For most Canadians getting fresh, clean water means turning on one of many taps inside our homes. Yet, some Canadians mistakenly believe water will continue to be available in virtually unlimited amounts whenever they need or want it. Truth is, access to water is a fragile arrangement that far too many Canadians take for granted.
Canada may be home to 7 per cent of the world's fresh water, but we have few laws protecting this valuable resource for current and future Canadians.
March 22 is World Water Day, a day to focus attention on the importance of freshwater and to advocate for the sustainable management of freshwater resources.
The Wellington Water Watchers (WWW), a non-profit organization primarily run by volunteer citizens from Guelph-Wellington, are committed to protecting local water and educating the public about threats to watersheds throughout Ontario.
A 2017 Mainstreet poll commissioned by WWW sampled over 4,000 Ontarians and found two-thirds of decided respondent support phasing out bottled water in Ontario over the next decade. Sixty-three per cent of decided respondents also agreed permits for all companies currently bottling water in Ontario should not be renewed.

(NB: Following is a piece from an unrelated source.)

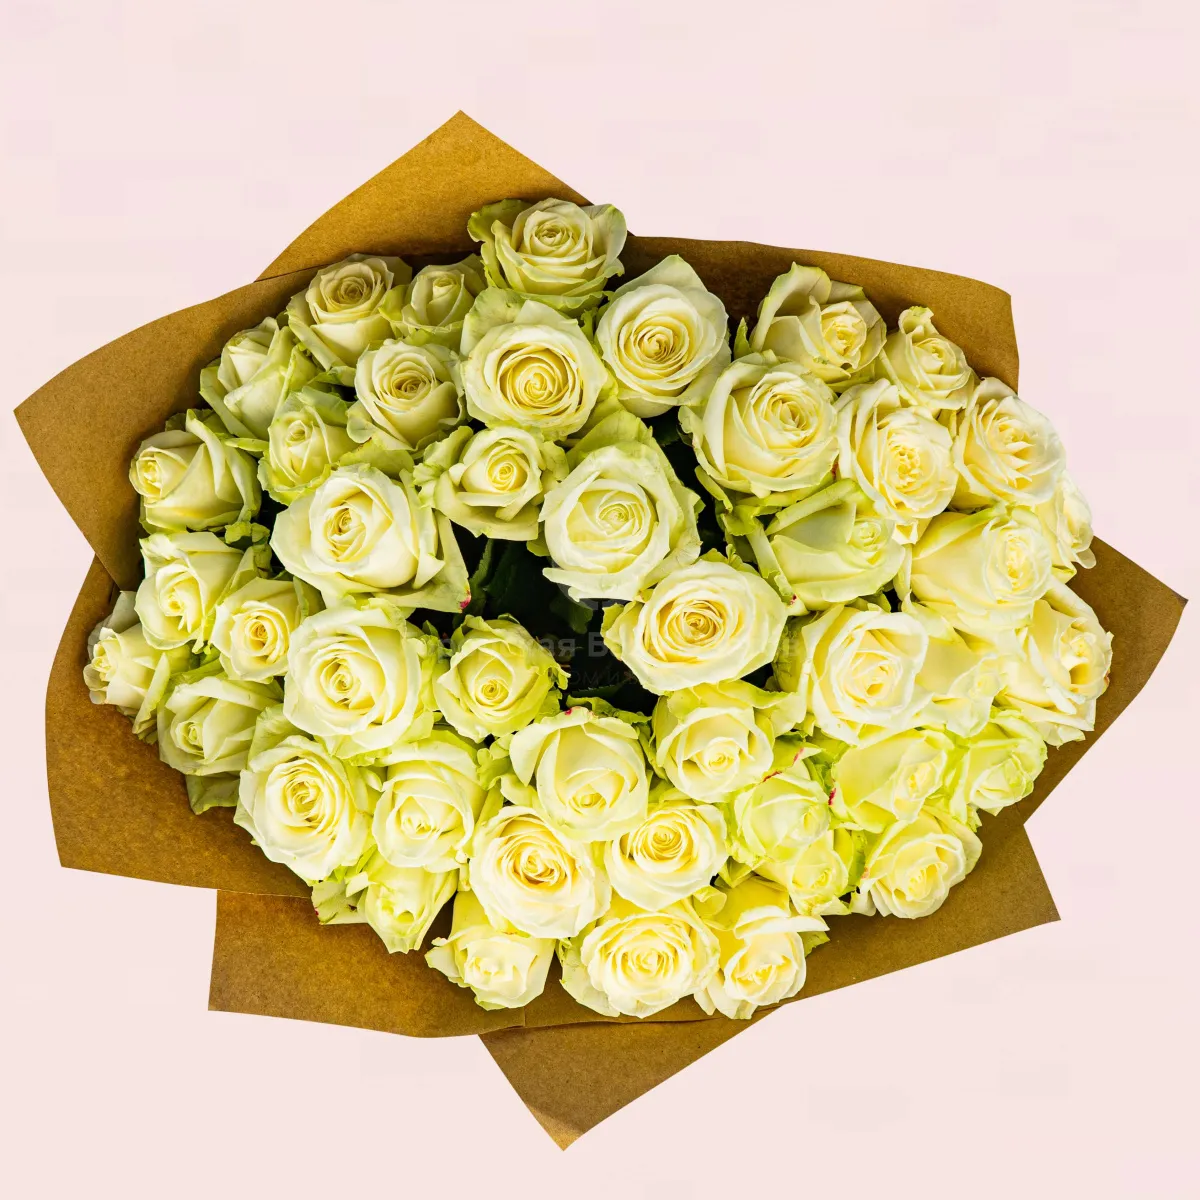 45 бело-зеленых роз (50 см)

Respondents were asked to identify the most important reason for the cessation of extraction permits:
- 33 per cent are concerned about the negative environmental impact of excessive water removal
- 24 per cent disapprove of water bring treated as a commodity
- 20 per cent are concerned about the excessive waste from plastic water bottles
- 9 per cent believe bottled water undermines the perception that tap water is safe
- 9 per cent selected other reasons
- 4 per cent are not sure
The Ontario Government is currently conducting a review of the bottled water industry. But the Water for Life, Not Proﬁt Program believes the best way to protect our water is by saying no to Nestlé’s plans to increase water extraction.
"Although the results of the review are eagerly awaited, improved regulations alone cannot protect Ontario's water. Premier Wynne herself has expressed serious doubts about bottled water -- now is the time for leadership. It is clear a decisive majority of the public agree it is time to phase out the bottled water industry in Ontario and ensure public ownership and control of municipal water," says Mike Nagy of WWW.
The Water for Life, Not Proﬁt Program also calls on the Ontario government to:
- Phase out the bottled water industry in Ontario within ten years
- Respect the duty to consult Indigenous communities
- Safeguard public ownership and control of water including prohibiting private/public partnerships known as P3's
- Ensure public access to water by requiring public facilities to make drinking water available via drinking fountains
According to Rob Case, WWW Board Member, "In the extreme drought we experienced here last summer Nestlé was granted an indeﬁnite extension to their permit for water bottling in Aberfoyle. That extension is still in place. Nestlé's Hillsburgh permit expires this coming summer, and Nestlé is vying for a third well here in Wellington County near Elora. The Premier must never allow a permit to be issued in Elora. Premier Wynne must also deny a renewal bid for Hillsburgh and take decisive action to phase out the permit in Aberfoyle."
Water is a human right. It should never be commodified. It must be held in trust for the public good. Based on the precautionary principle it seems Premier Wynne has little choice but to err on the side of caution and end water bottling in Ontario.
WWW are asking all Ontarians to urge Premier Kathleen Wynne to protect our water by saying no to Nestlé's plans to increase water extraction and to commit to phasing out water bottling in Ontario within ten years.
To that end, I'll be sending Kathleen Wynne and Glenn Murray, Minister for the Environment and Climate Change, an email telling them to place a moratorium on permits and the entire water bottling industry in Ontario.
To mark World Water Day please endorse the Water for Life, Not Proﬁt Program and say no to Nestlé.